══ DATA PROVIDED ══
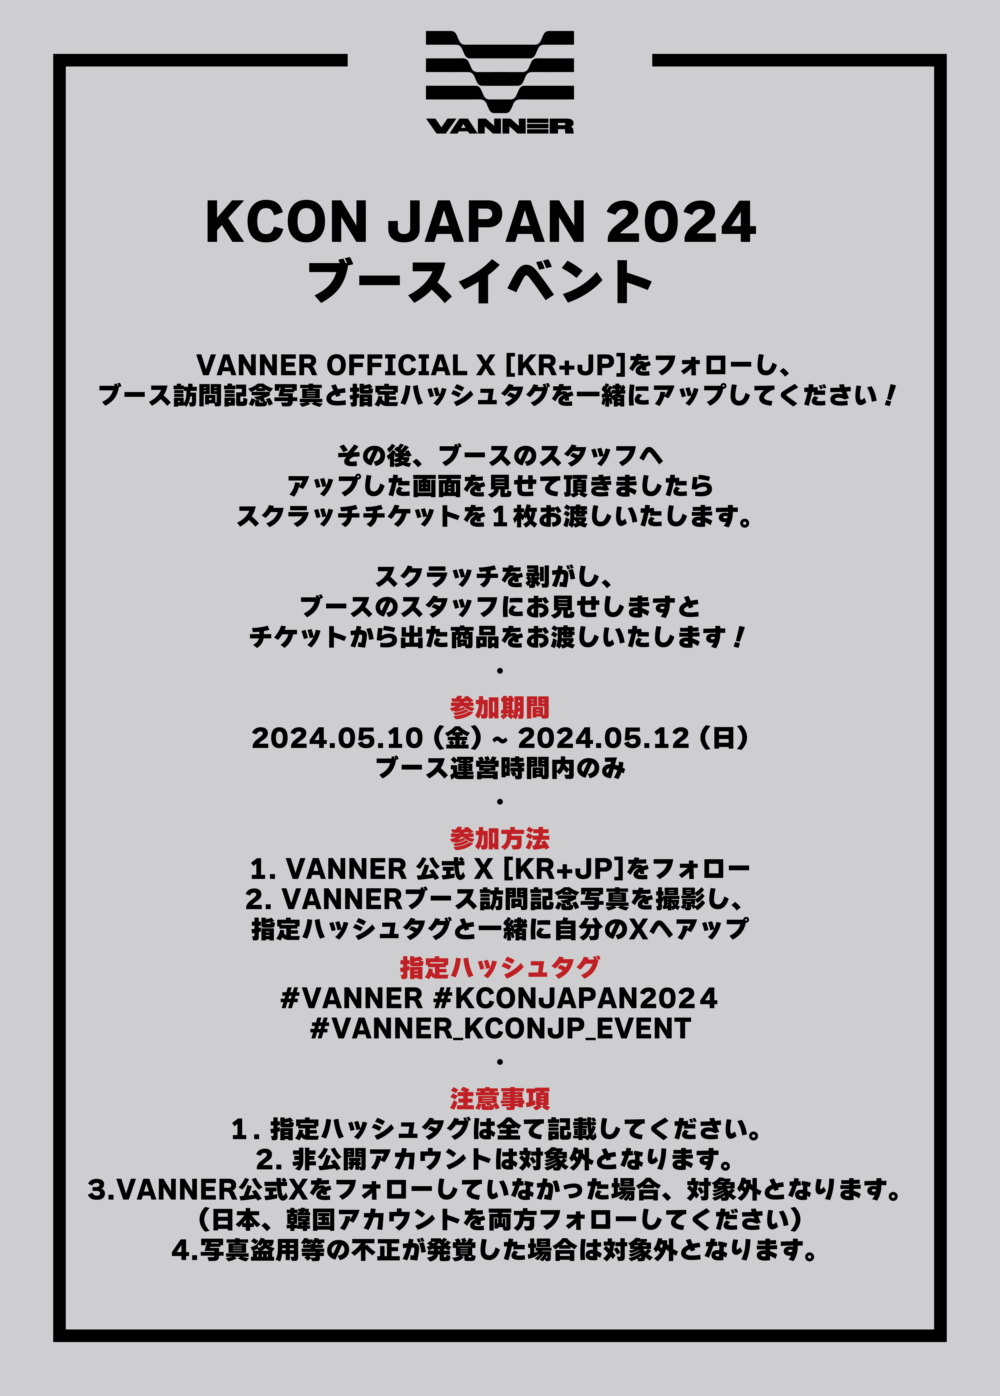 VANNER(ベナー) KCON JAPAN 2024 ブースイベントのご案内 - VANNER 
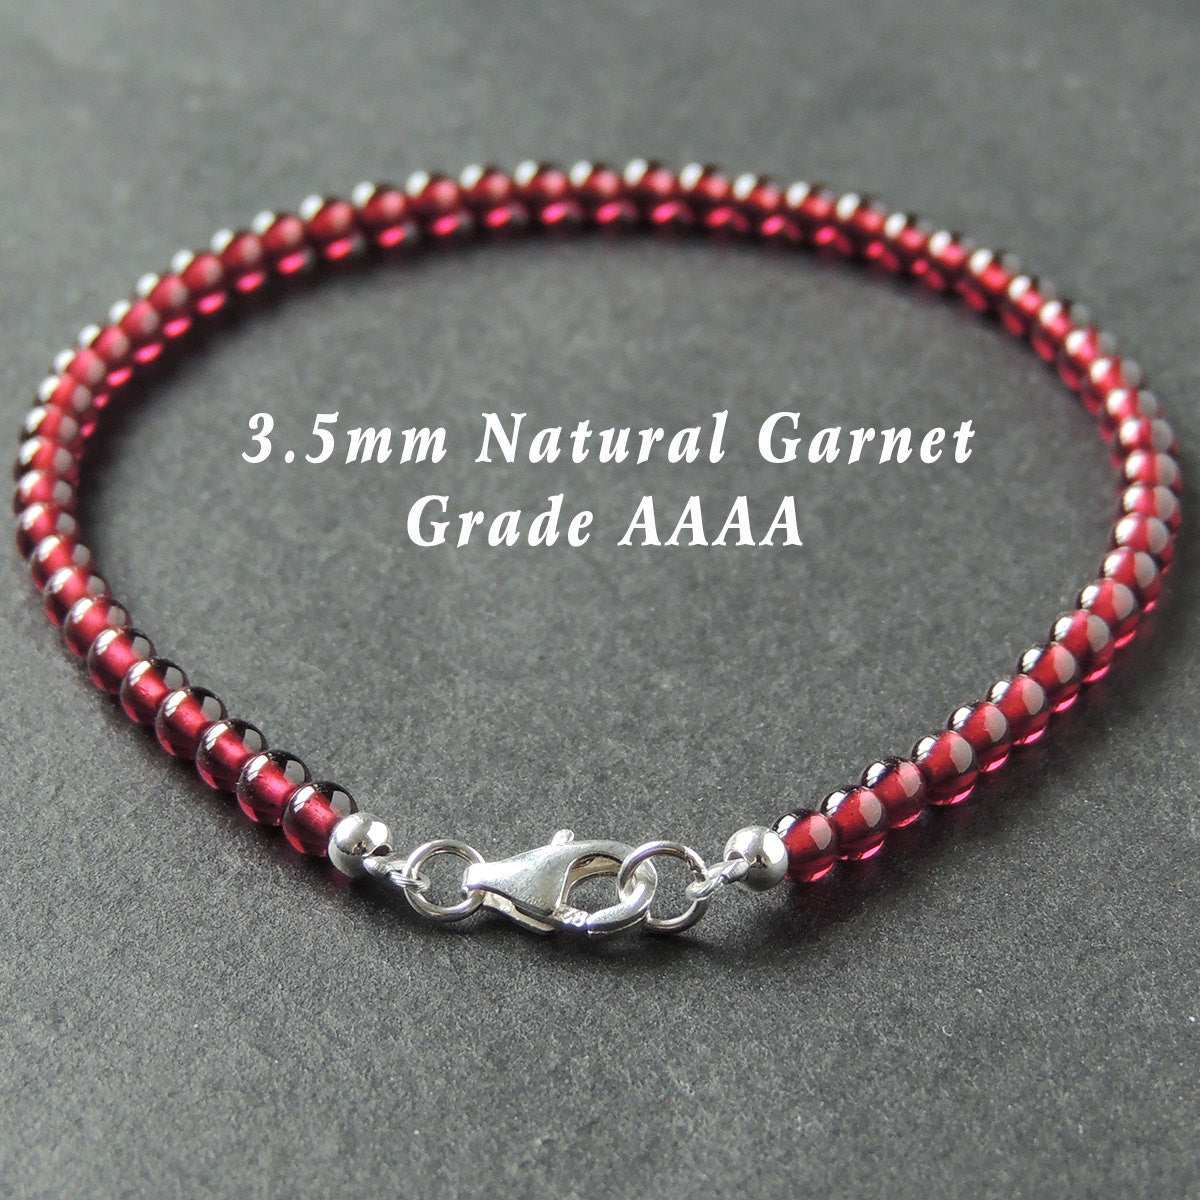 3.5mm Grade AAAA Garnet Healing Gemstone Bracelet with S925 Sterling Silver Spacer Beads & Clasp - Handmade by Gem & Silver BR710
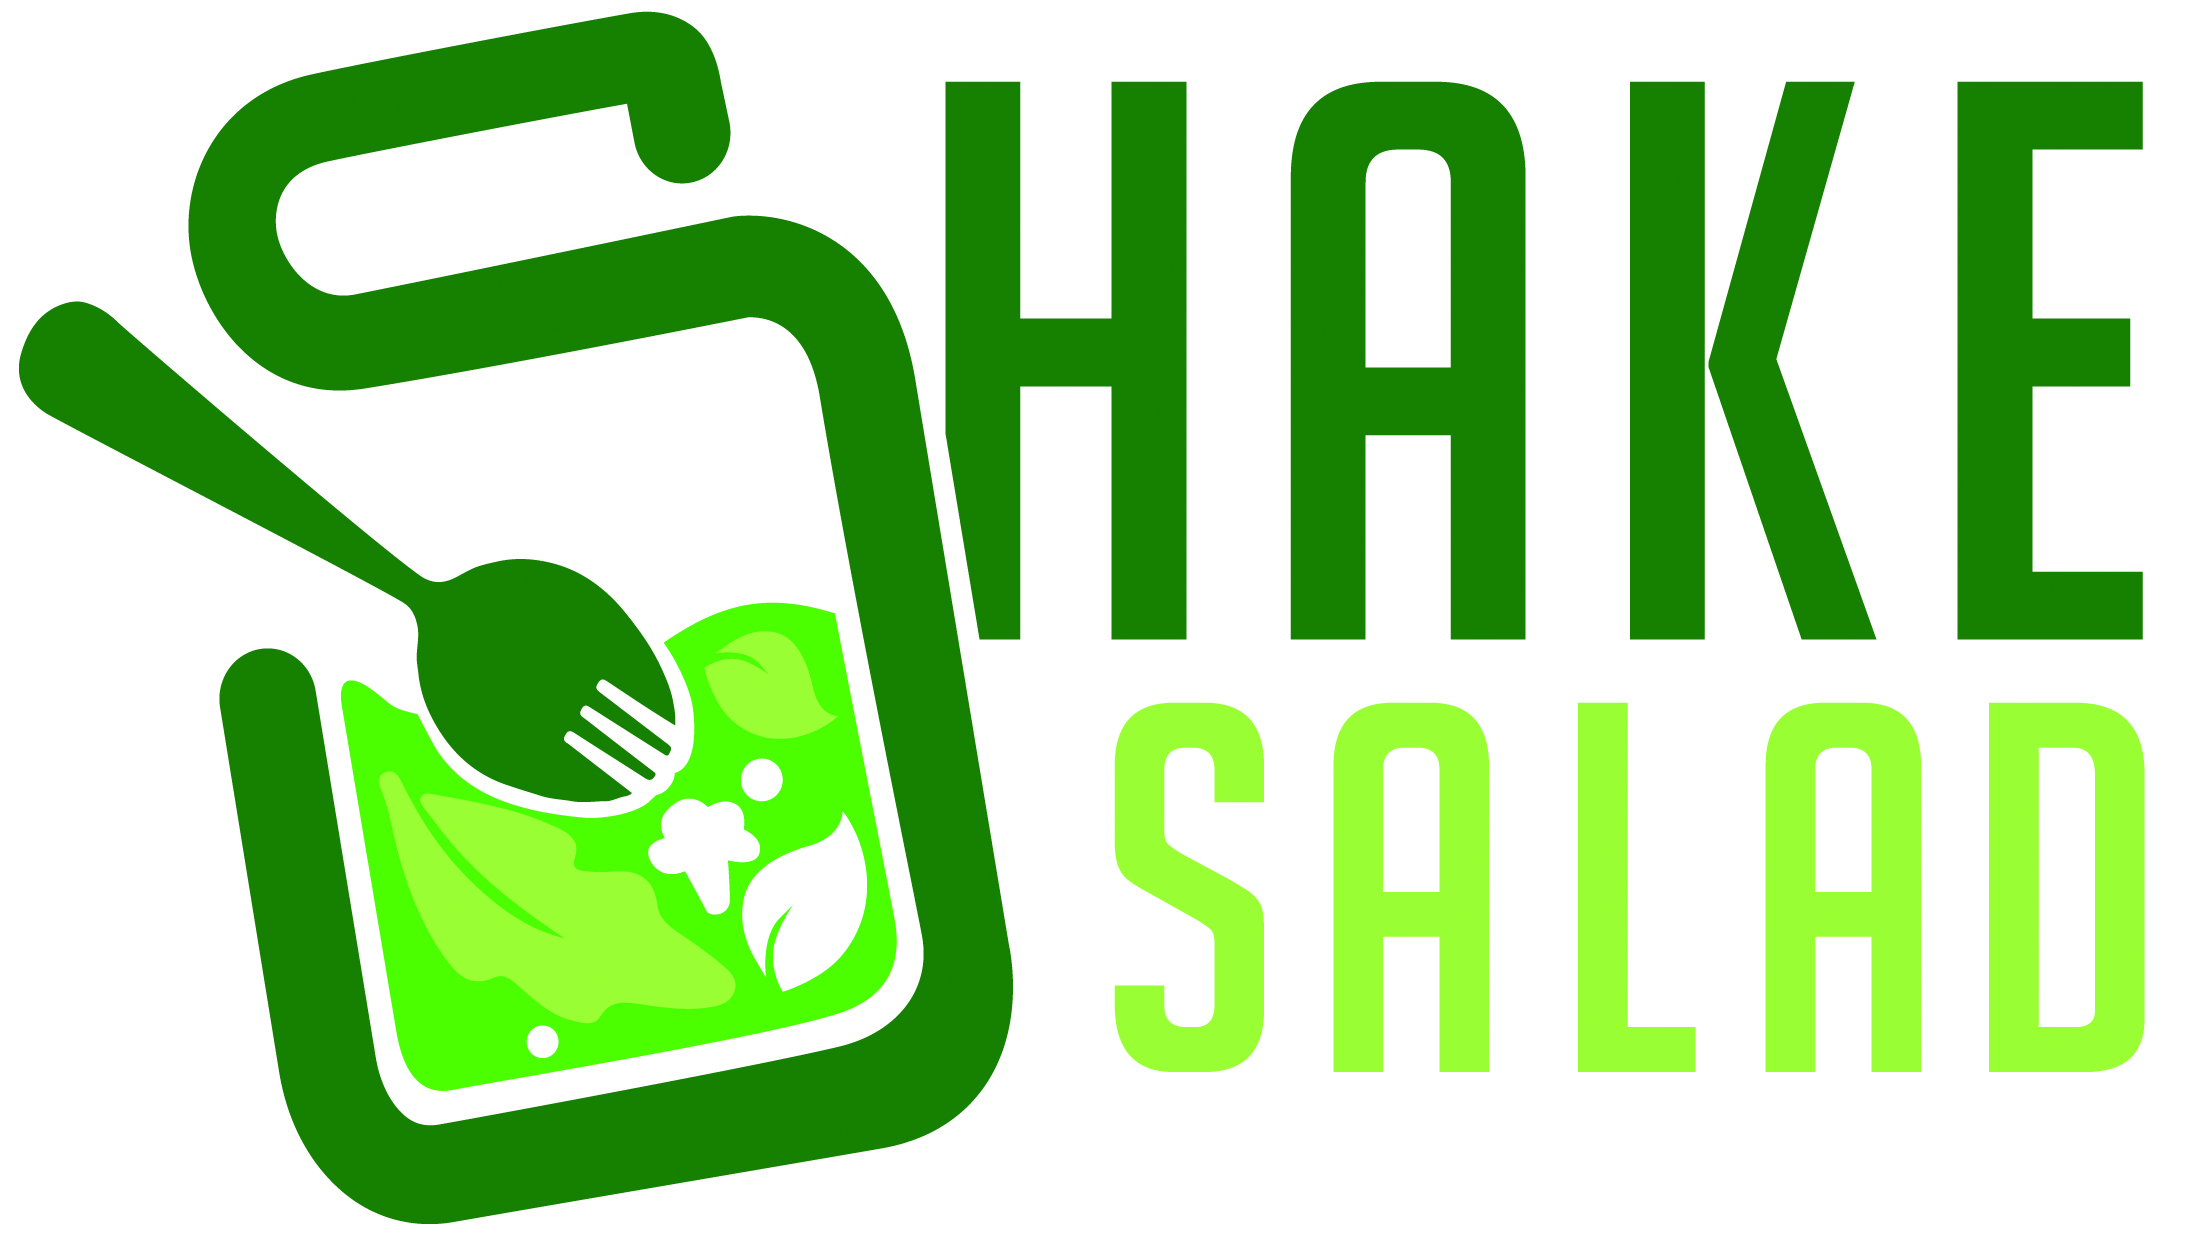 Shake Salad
═══
## YOUR INSTRUCTIONS
Only the listing above, set down exactly and without pictures, belongs in the answer.

## FINISHED EXERCISE
 VANNER(ベナー) KCON JAPAN 2024 ブースイベントのご案内 - VANNER 
 3.5mm Grade AAAA Garnet Healing Gemstone Bracelet with S925 Sterling Silver Spacer Beads & Clasp - Handmade by Gem & Silver BR710
 Shake Salad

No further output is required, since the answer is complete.